I am writing from my corner of Pimlico. But I am not part of anybody’s critical national infrastructure. Culture and Lifestyle are also code for the best and brightest will simply not join the civil services if it is not based in SW1. There we must return to Mr Cumming’s argument that if this is the best and brightest that the UK has to offer, then we have a problem.
The last few weeks have rendered arguments against the decentralisation of critical national infrastructure obsolete and now is the time for a comprehensive physical re-shaping of the spatial distribution of the human components of critical national infrastructure.

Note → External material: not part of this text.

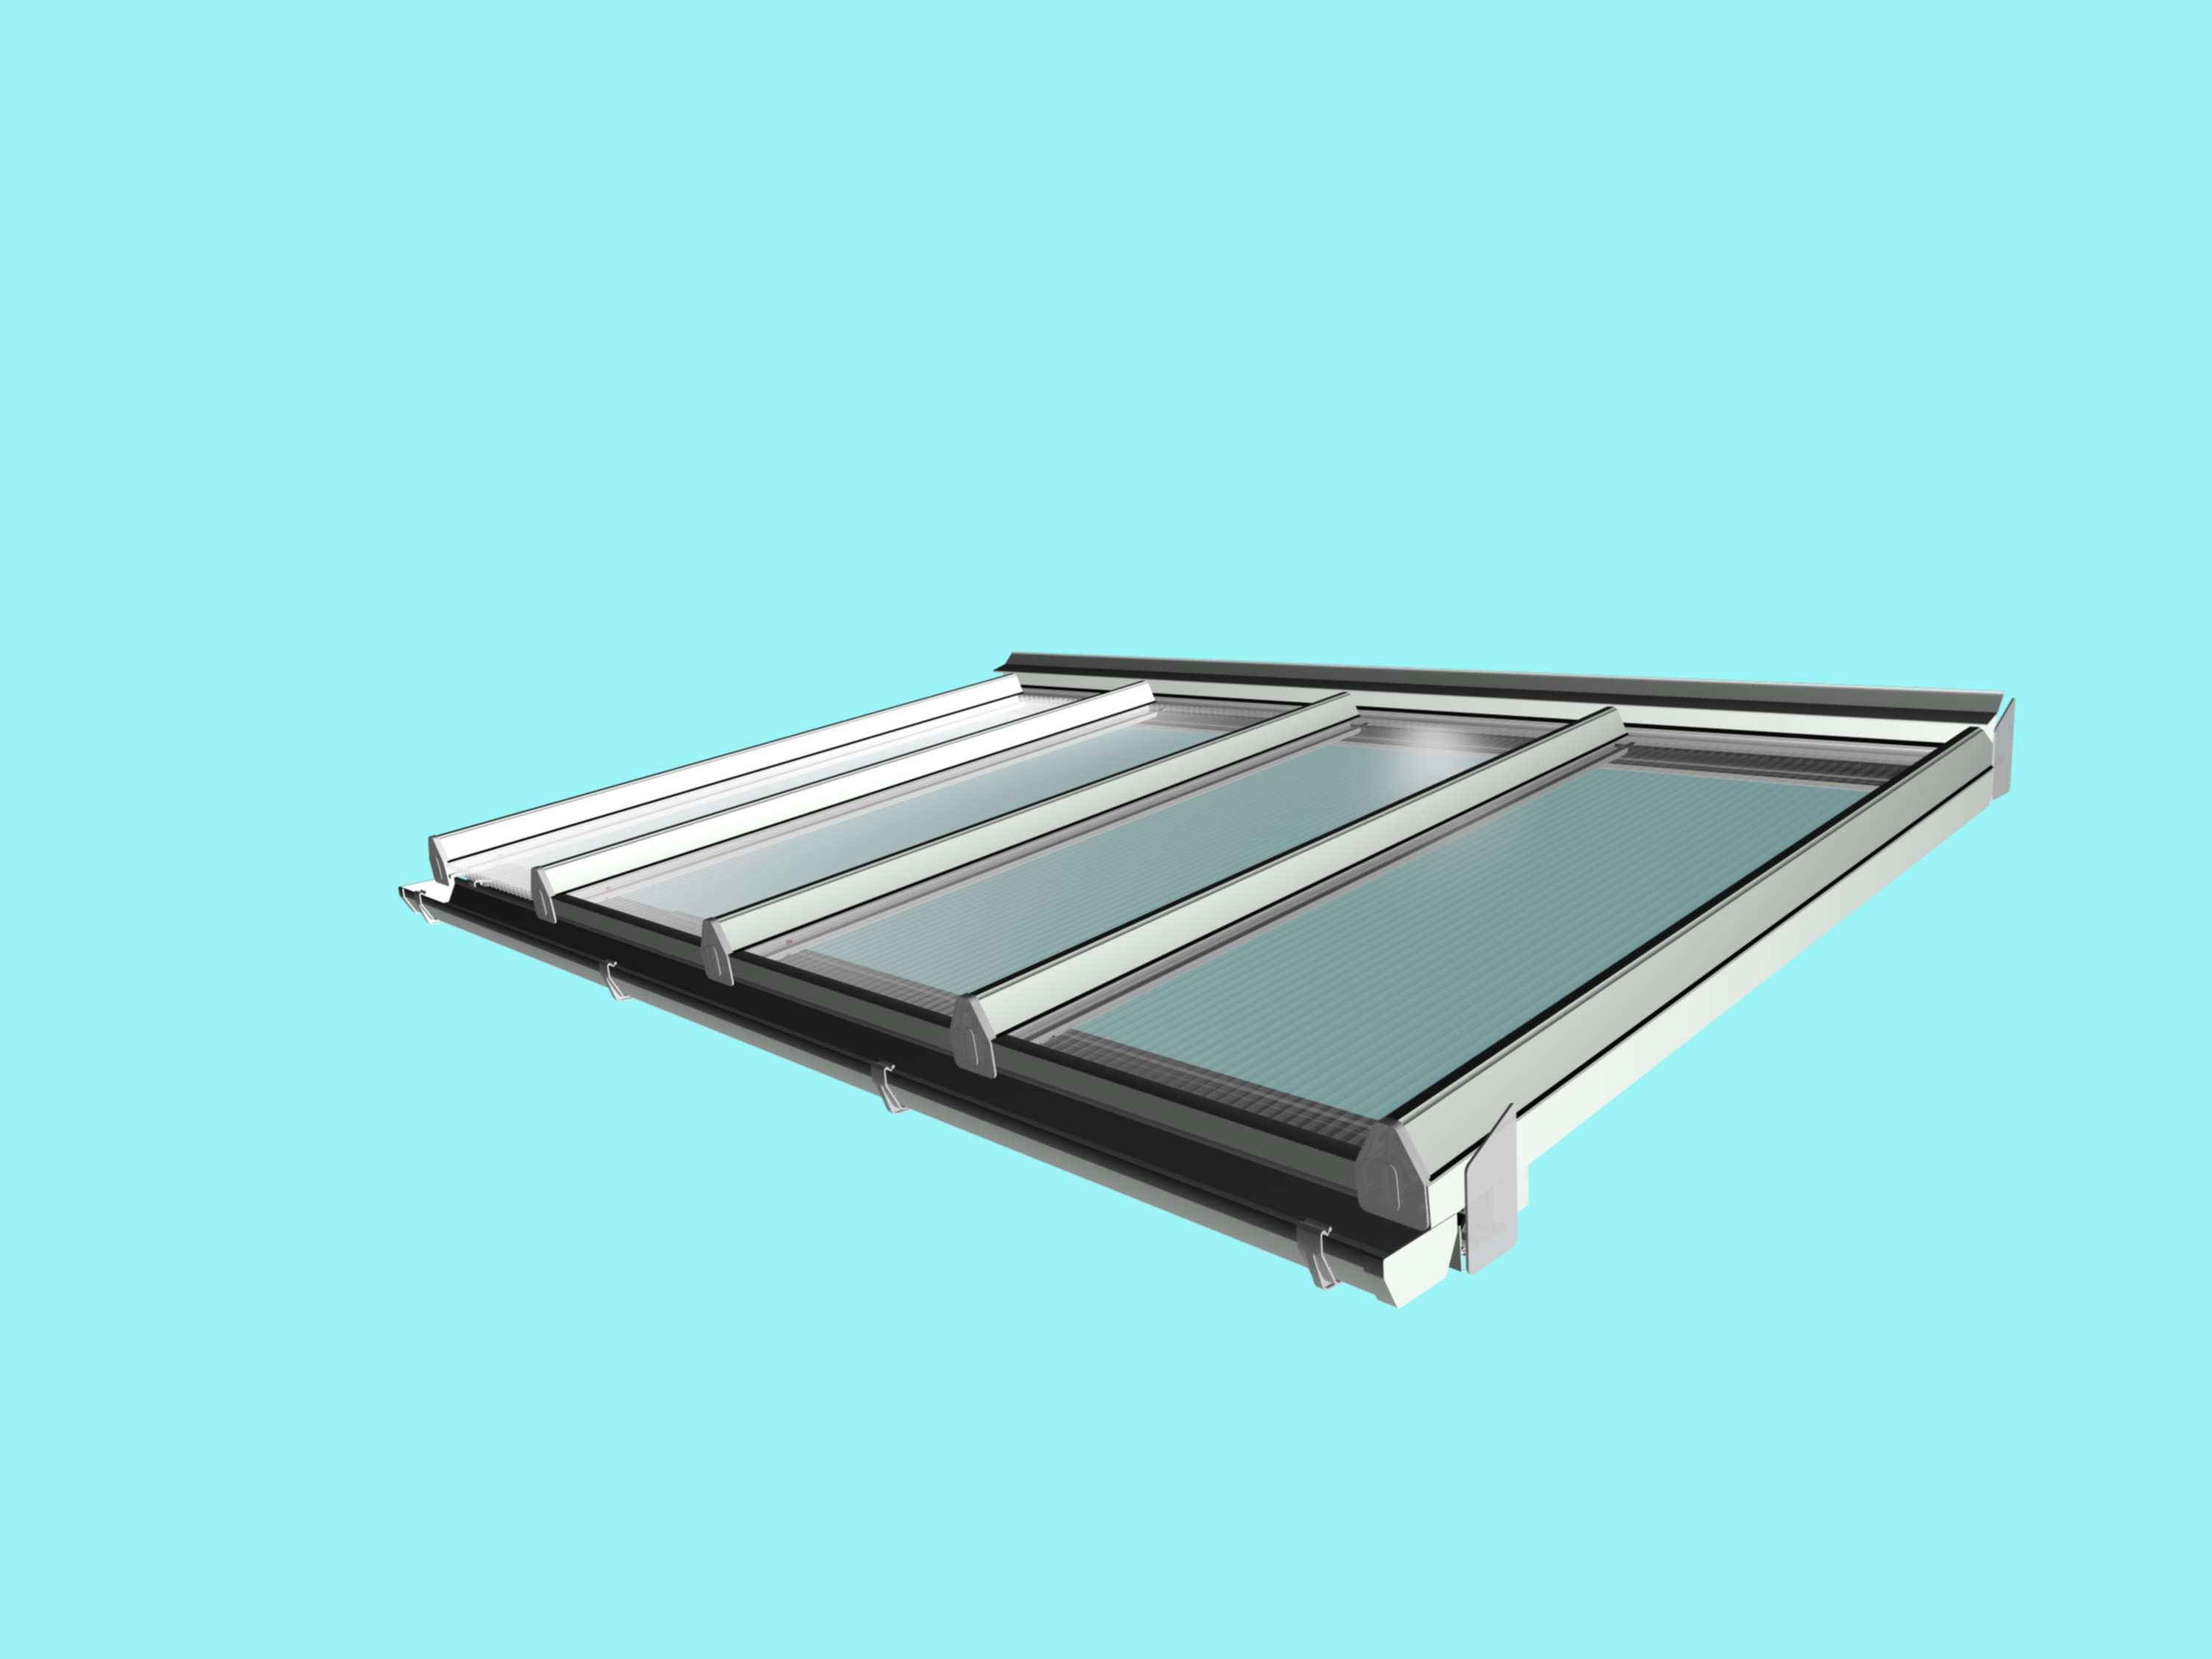 Self-Supporting DIY Conservatory Roof Kit for 25mm polycarbonate, 4.0m wide x 3.0m Projection from Omega Build

The department I work with most closely in government, the FCO, is by definition good at remote working, rotating people in and out of the centre and devolving responsibility between the centre and posts. The only reason it needs a presence in central London is to engage with embassies. The rest of the department does not need to be on Whitehall. The Treasury has had most of its power shifted into Number 10, the rest can safely move to York. The Stock Exchange is dominated by electronic trading, it could that just as easily do that from Cardiff. The Bank of England does not need to be in the square mile, it can be in Birmingham. The Ministry of Defence can easily move the bulk of its operations to Poole. The Cabinet never actually needs to meet in London, it can always meet virtually, though on perhaps a more secure platform that it appears to have been using during this crisis. It is only really Parliament that does need to be retained in a place in which it can meet together but does that place have to be beside the Thames? Could it not be beside the Ouse or, indeed, the Mersey.